Here are a few ways to Resist:

  1. Discuss what White Supremacy is with your groups and others you feel safe around.

  2. Understand how White Supremacy affects our everyday lives.

  3. Digest the difference between Systemic Oppression and a single, bigoted individual.

  4. Examine your own role in upholding White Supremacy. Have you worked to remove the White Supremacy you were raised with out of your life? If you have not done so then you still carry an immense amount of White Supremacy.

  5. Critically analyze the privilege you gain from the oppression of others.

  6. Really think about the effect of the destruction of white supremacy in your life. What does a world without White Supremacy look like for you? How will that affect your job, your family, your education, your role in society?

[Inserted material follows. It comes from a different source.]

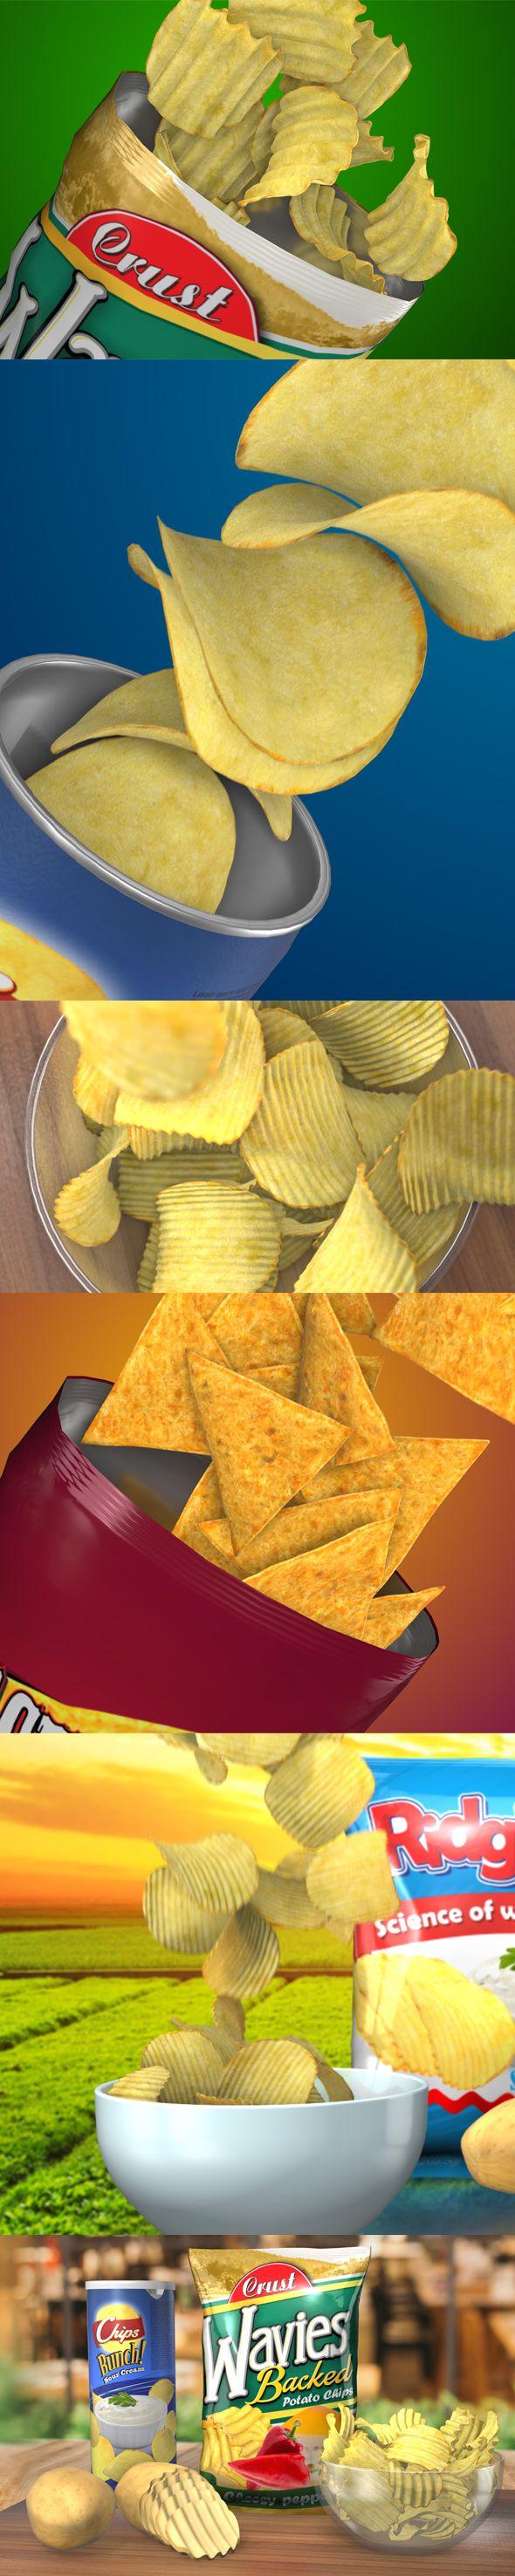 Chips samples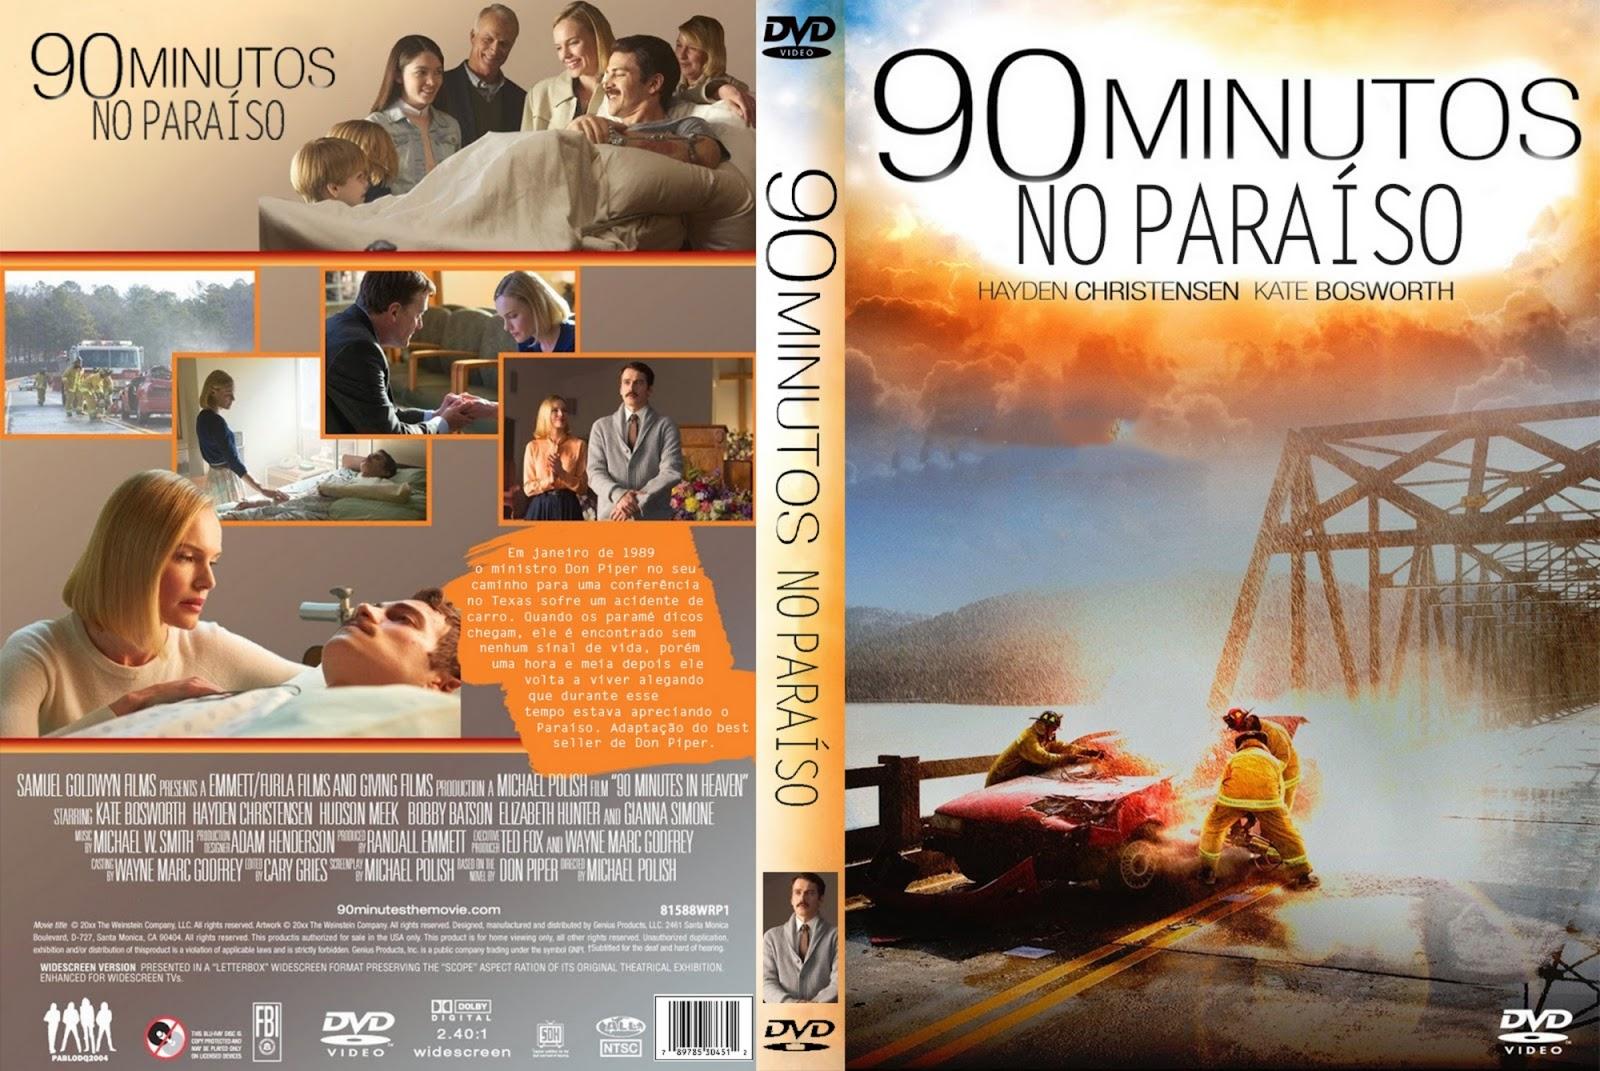 90 Minutos no Paraíso BDRip XviD Dual Áudio 90 2BMinutos 2Bno 2BPara 25C3 25ADso 2BXANDAODOWNLOAD

  7. Center the voices that are stifled due to systemic oppression. Invite POC to lead critical thought events, and not just individuals willing to sell you the same White Supremacist Narrative.

These are a few things you can start doing this very moment. Please keep in mind that Millions of POC are calling attention to this every single day. Listen to us.  

9/11 was 16 years ago, but this is a system that has been alive and well for hundreds of years, and we should not let the shadow of that tragedy prevent us from seeing beyond it.